Allison Serafin declared victory Tuesday night in the District 3 State Board of Education primary after early returns gave her a hefty lead.
"It looks like we’re moving on to November," Serafin said.
In her first campaign for public office, she maintained a lead of 10 percentage points over her four competitors for most of the night. "I attribute it to a lot of support."
Serafin, 36, attracted a lot of support compared with her competitors, reporting $63,677 in donations compared with $19,004 garnered by the four other candidates combined. Her donor list included education philanthropist Elaine Wynn, whom Serafin met as executive director of Teach for America’s Las Vegas division.
"Certainly, the donations put us in a position to get my name out there," said Serafin, a consultant to Clark County School District Superintendent Dwight Jones. Her campaign fliers were mailed to voters in Las Vegas suburbs, Henderson and parts of North Las Vegas and Summerlin.
Serafin also knocked on 1,200 doors, called 2,000 voters and had 30 volunteers.
In the end, it netted her 11,858 votes, 31 percent of the vote.

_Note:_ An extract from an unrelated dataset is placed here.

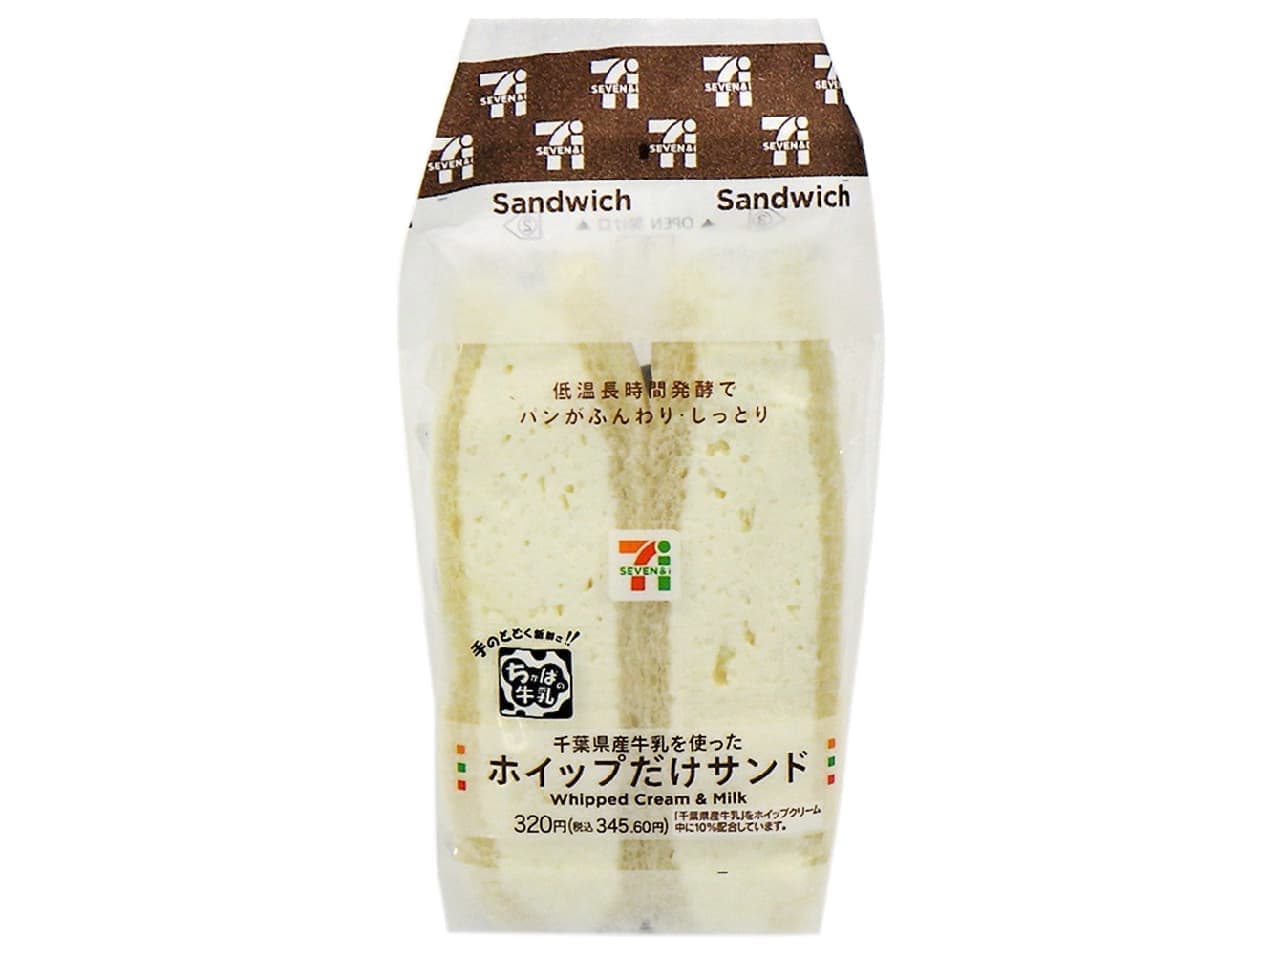 7-ELEVEN "Whipped Only Sandwich with Chiba Milk

"We can change things," she said, "and it doesn’t necessarily cost more money."
A surprise Tuesday was that incumbent Annie Wilson failed to make it to the November general election, narrowly falling out after earning 7,637 votes, 20 percent of the vote. The second spot on the ballot instead went to Ed Klapproth, who teaches at the College of Southern Nevada.
He won 8,084 votes, or 21 percent.
He has pushed for more career and technical choices for high school juniors and seniors, which would expose them to the fields of computer programming, electronics and more.
"Some people aren’t made for college, Klapproth said. "They work with their hands."